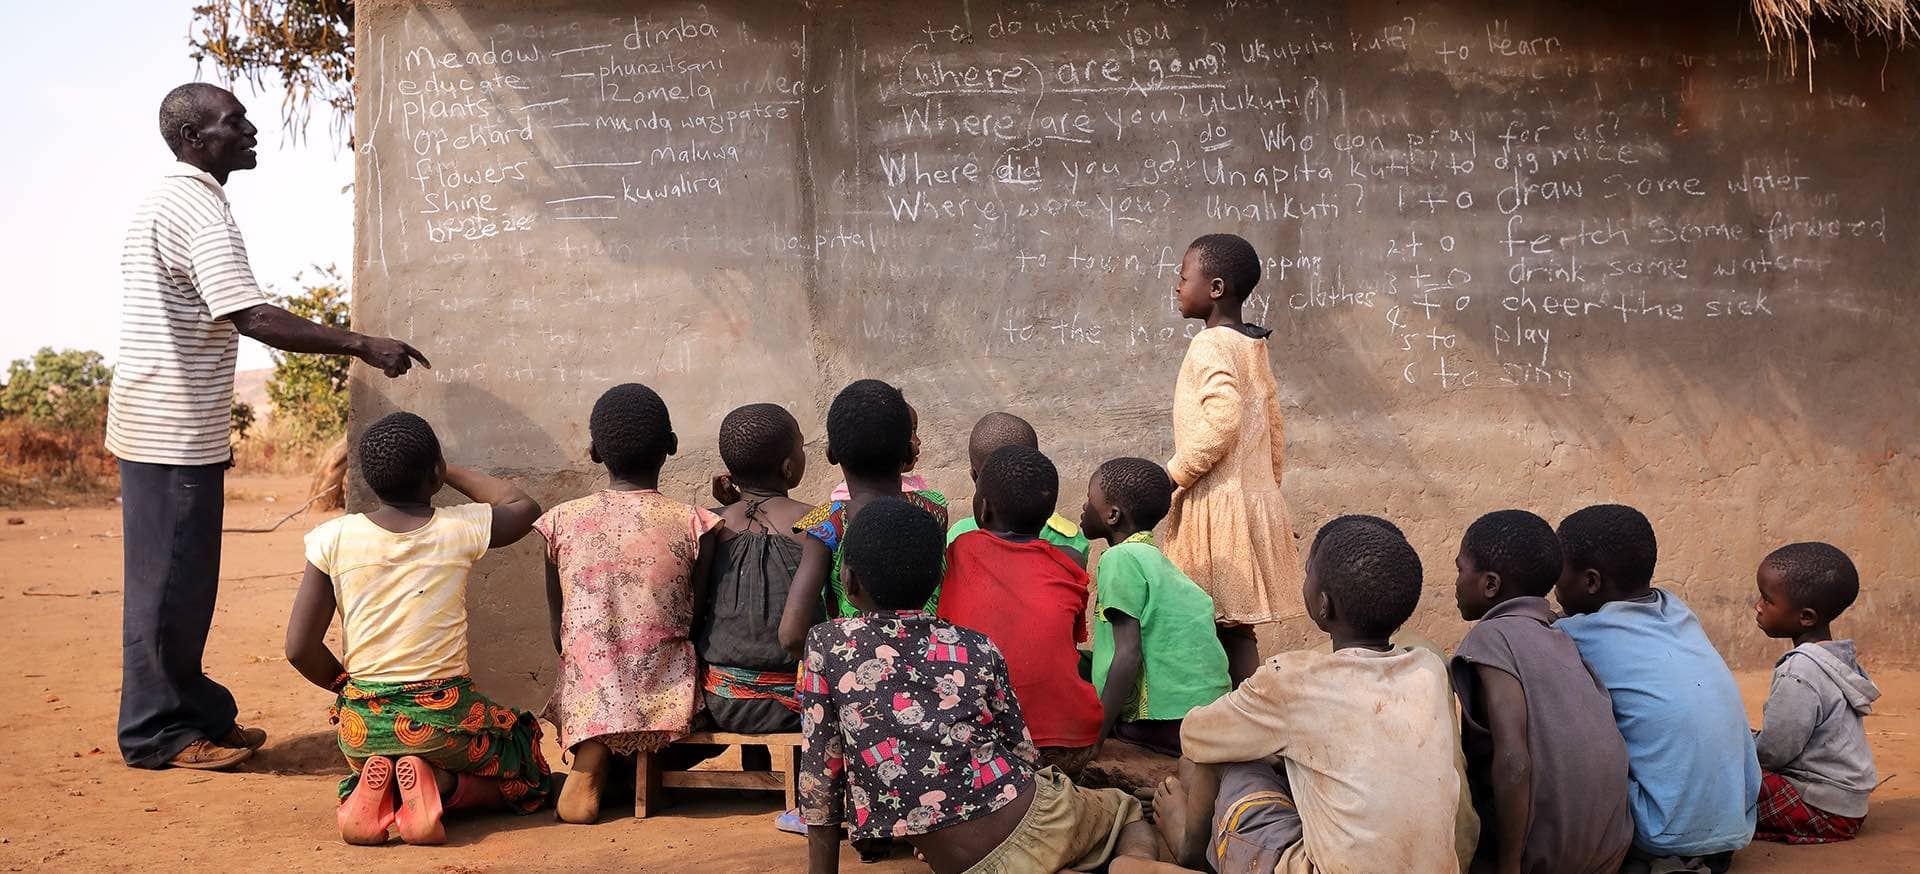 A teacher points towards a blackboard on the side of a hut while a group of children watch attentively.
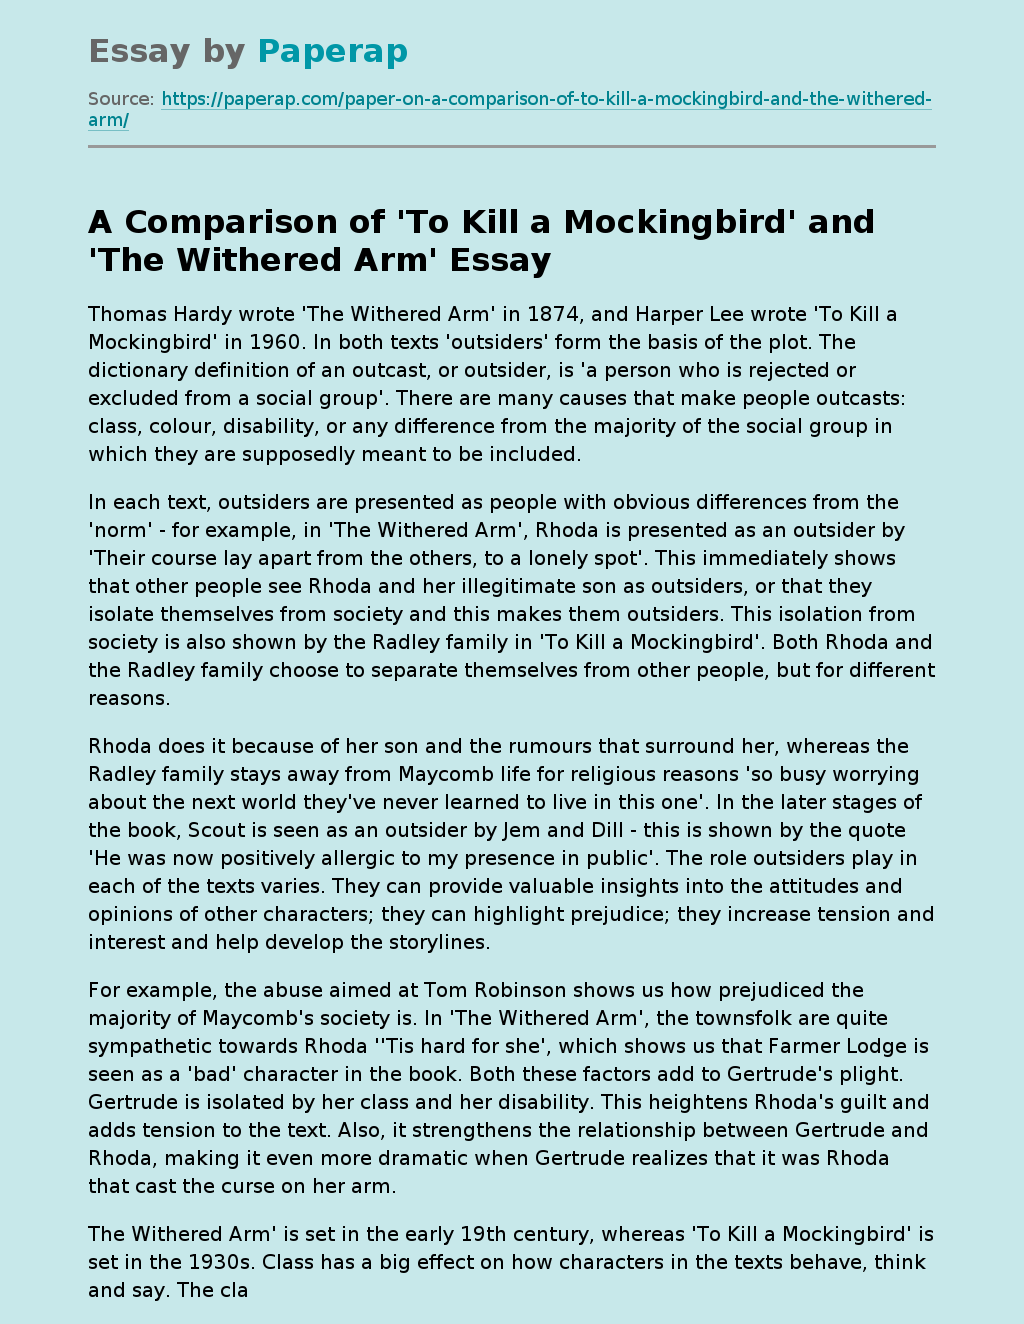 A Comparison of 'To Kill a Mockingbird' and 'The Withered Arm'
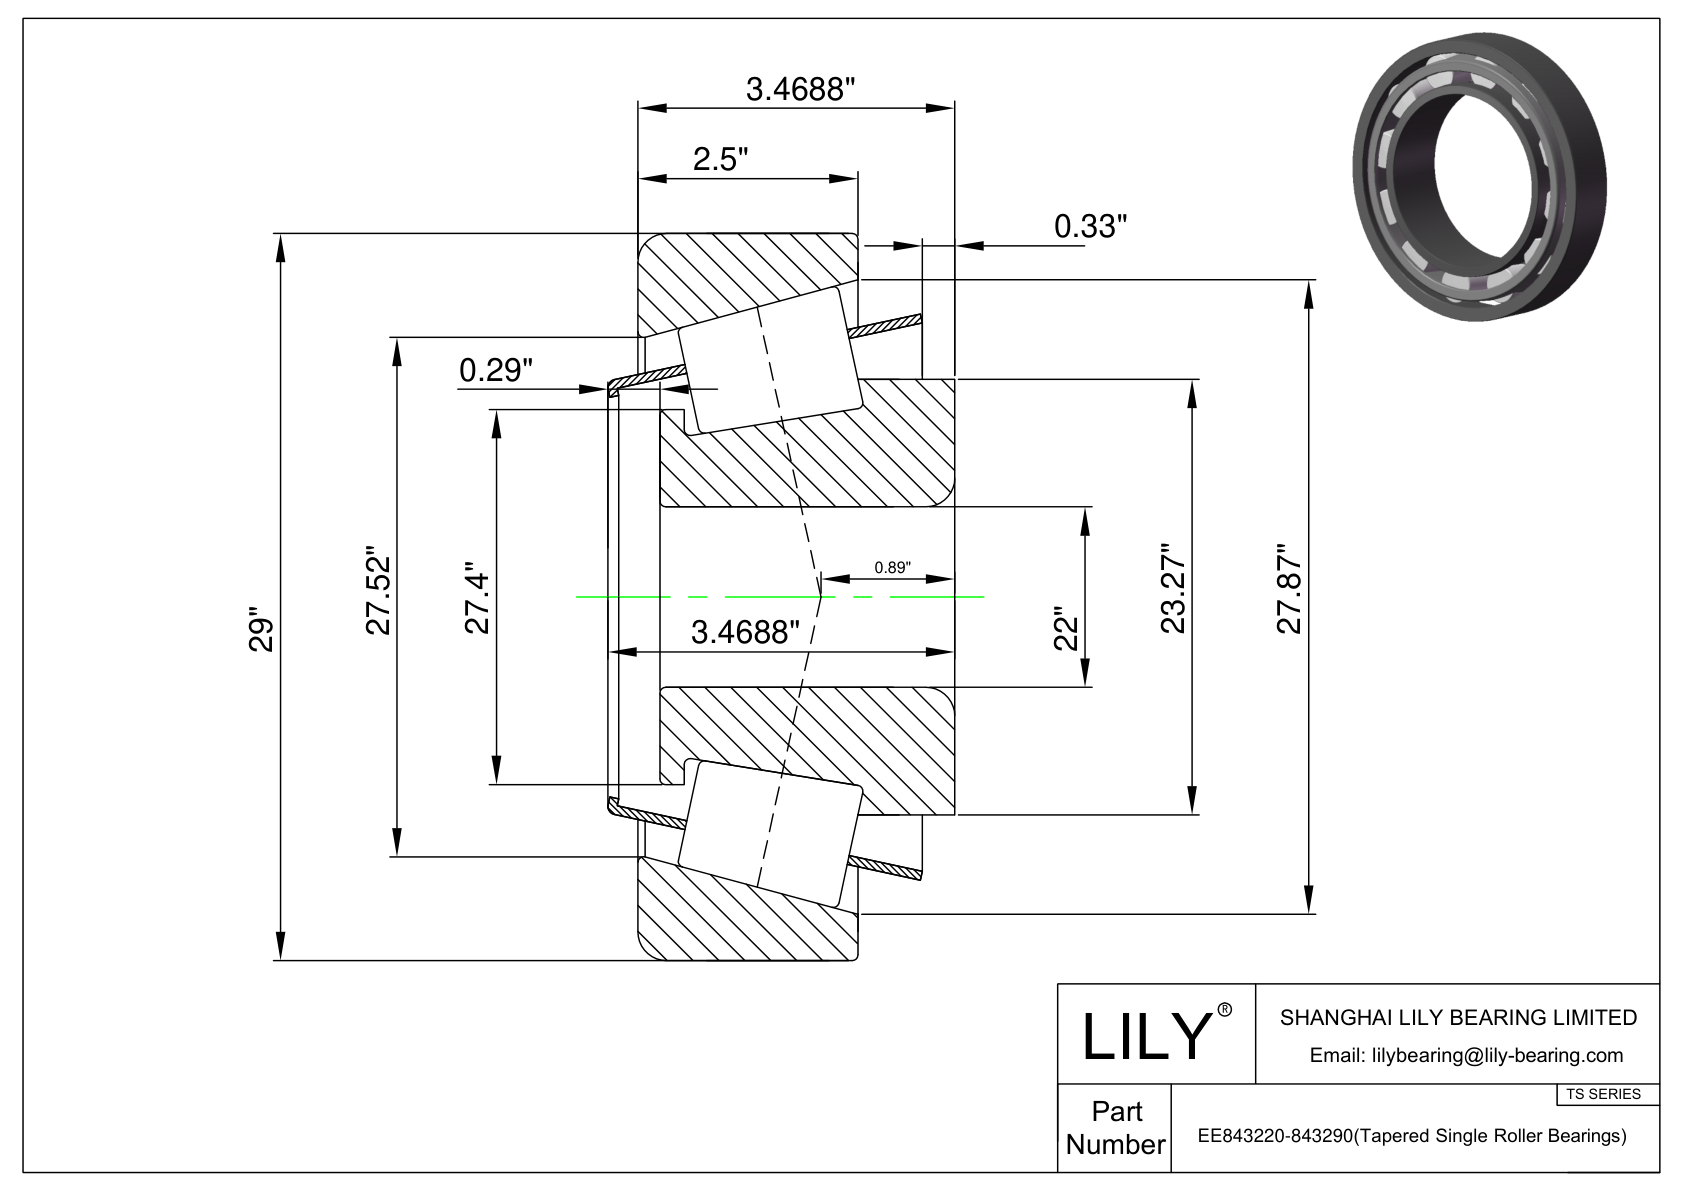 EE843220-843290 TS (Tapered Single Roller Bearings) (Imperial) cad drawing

---------------

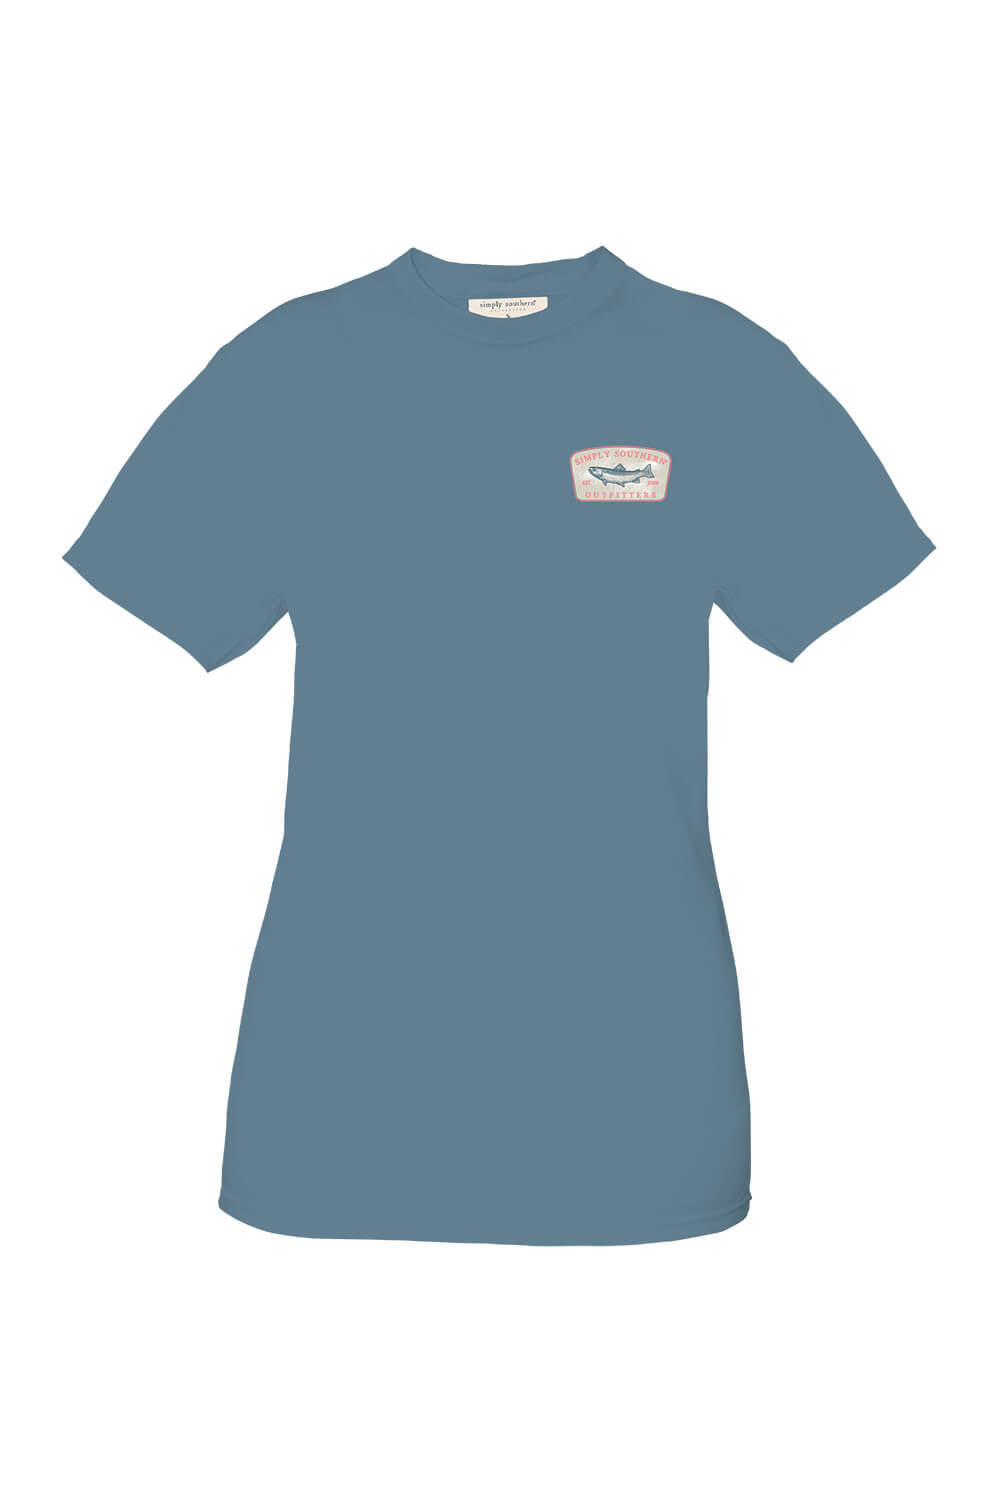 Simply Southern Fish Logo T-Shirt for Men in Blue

---------------

> [EXERCISE BRIEF] Give back the exact lines above, running from the one that has "A teacher points" through the one that has "EE843220-843290 TS (Tapered", with nothing added and no pictures.

> [TASK RESPONSE]
 A teacher points towards a blackboard on the side of a hut while a group of children watch attentively.
 A Comparison of 'To Kill a Mockingbird' and 'The Withered Arm'
 EE843220-843290 TS (Tapered Single Roller Bearings) (Imperial) cad drawing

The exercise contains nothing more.